# Durch Midi Instrumente simulieren!?



## sPiNcH (15. Februar 2007)

Hallo liebe Tonspezialisten,

Und zwar hätte ich folgende Frage. Mit welchem Programm hat man als PC-User die Möglichkeit, Midi-Töne in richtige Sounds "umzuwandeln". Bin gerade dabei mich mit "Cakewalk Sonar 6" zu spielen, was anscheinend ein Programm für meine Vorhaben wäre. Um's nocheinmal zu verdeutlichen: Ich schreibe im Guitarpro 5 meine Noten und Drumbeats und würde die dann eben gerne mit Wavs ausstatten, sprich, Drumkick bekommt z.B 01.wav etc. - Sonar 6 hat sowieso schon mitgelieferte Sounds auf der CD.
Wie nennt man dieses Verfahren, was ich vorhabe im Generellen?
Nur damit ich einmal einen Anhaltspunkt habe, wonach ich hier eigentlich suche.
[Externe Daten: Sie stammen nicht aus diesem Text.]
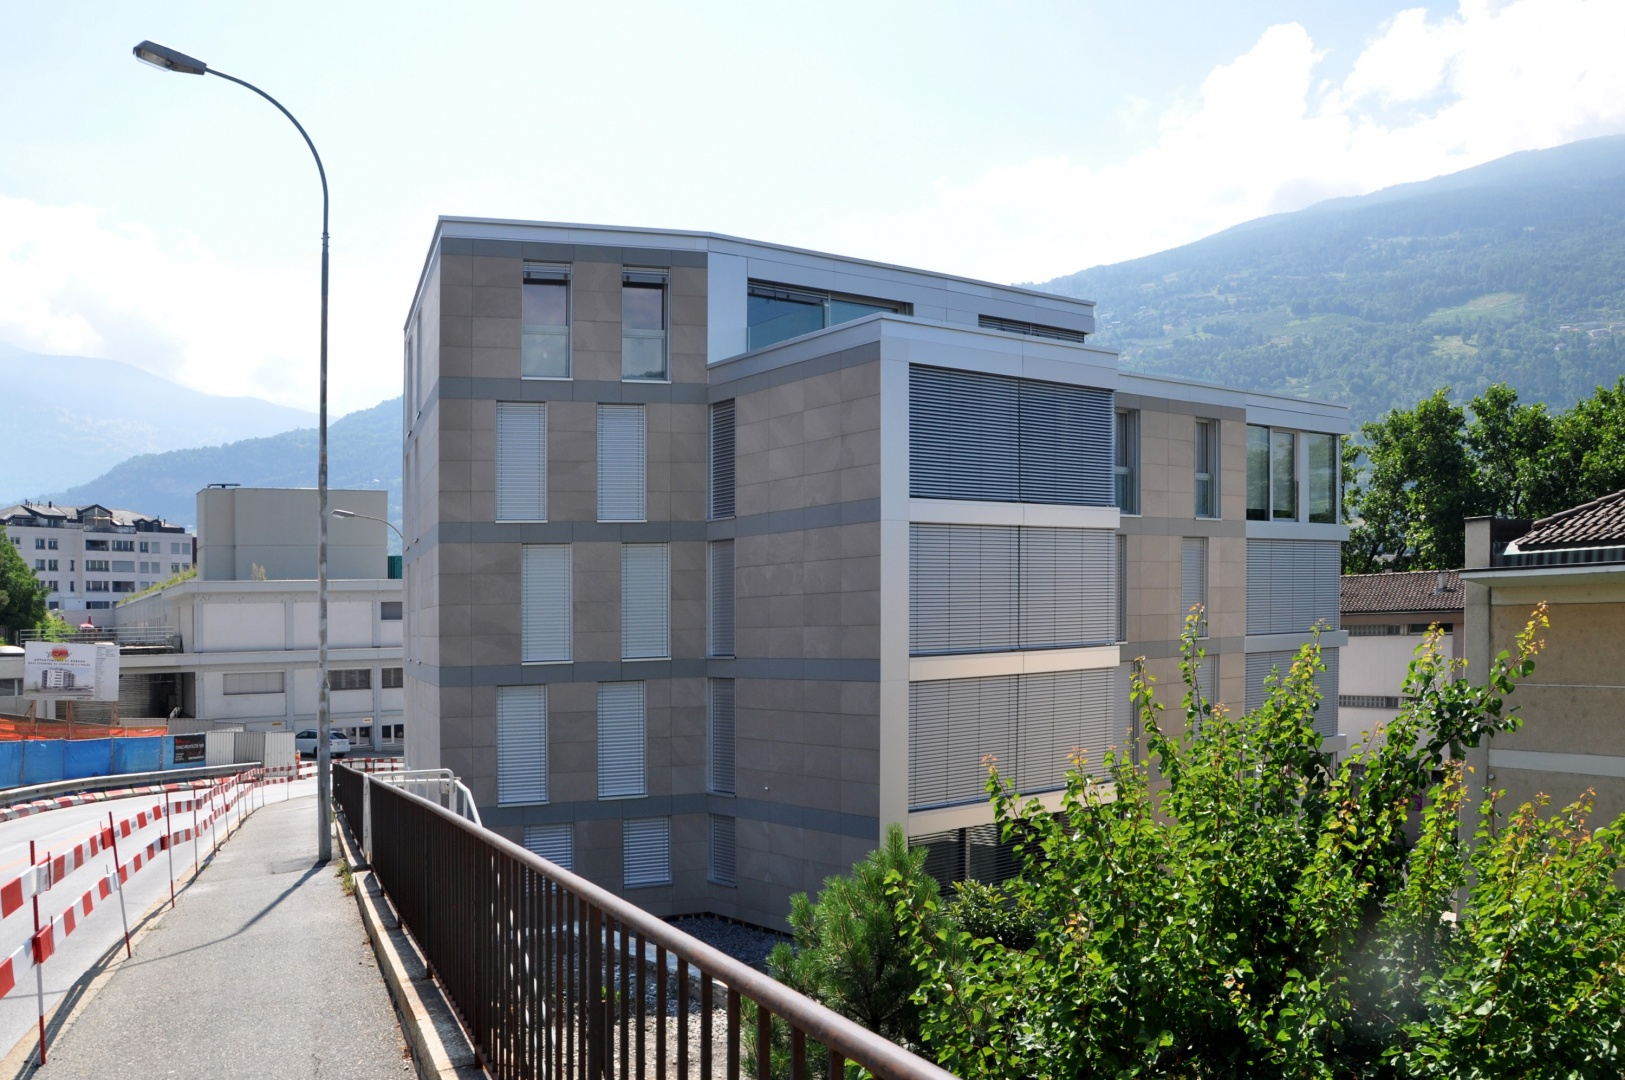 Nordwest-Ansicht © Savioz & Di Berardino architectes

Bin natürlich über jede Hilfe dankbar!!
sPiNcH


----------



## The_Maegges (15. Februar 2007)

Was du beschreibst klingt nach dem Verfahren, nach dem jeder Sampler arbeitet.
Du benötigst also ein Plugin, welches "horcht", welche Midi Note gerade gespielt wird und dass dann die benötigte Wav-Datei (ggf. mit angepasster Tonhöhe) abspielt.

Bekannte VST Sampler sind:
- IK Multimedia SampleTank 2
- Native Instruments Kontakt

Möglicherweise findest du auch brauchbare Freeware Sampler über Google.
Kann dir aber leider auch keine Detailantworten geben, da das Sampling bei mir von meinem Synthesizer aus erledigt wird.


----------



## sPiNcH (15. Februar 2007)

Vielen Dank für die schnelle und hilfreiche Antwort
Wäre natürlich noch sehr dankbar über weitere Ratschläge 

sPiNcH


----------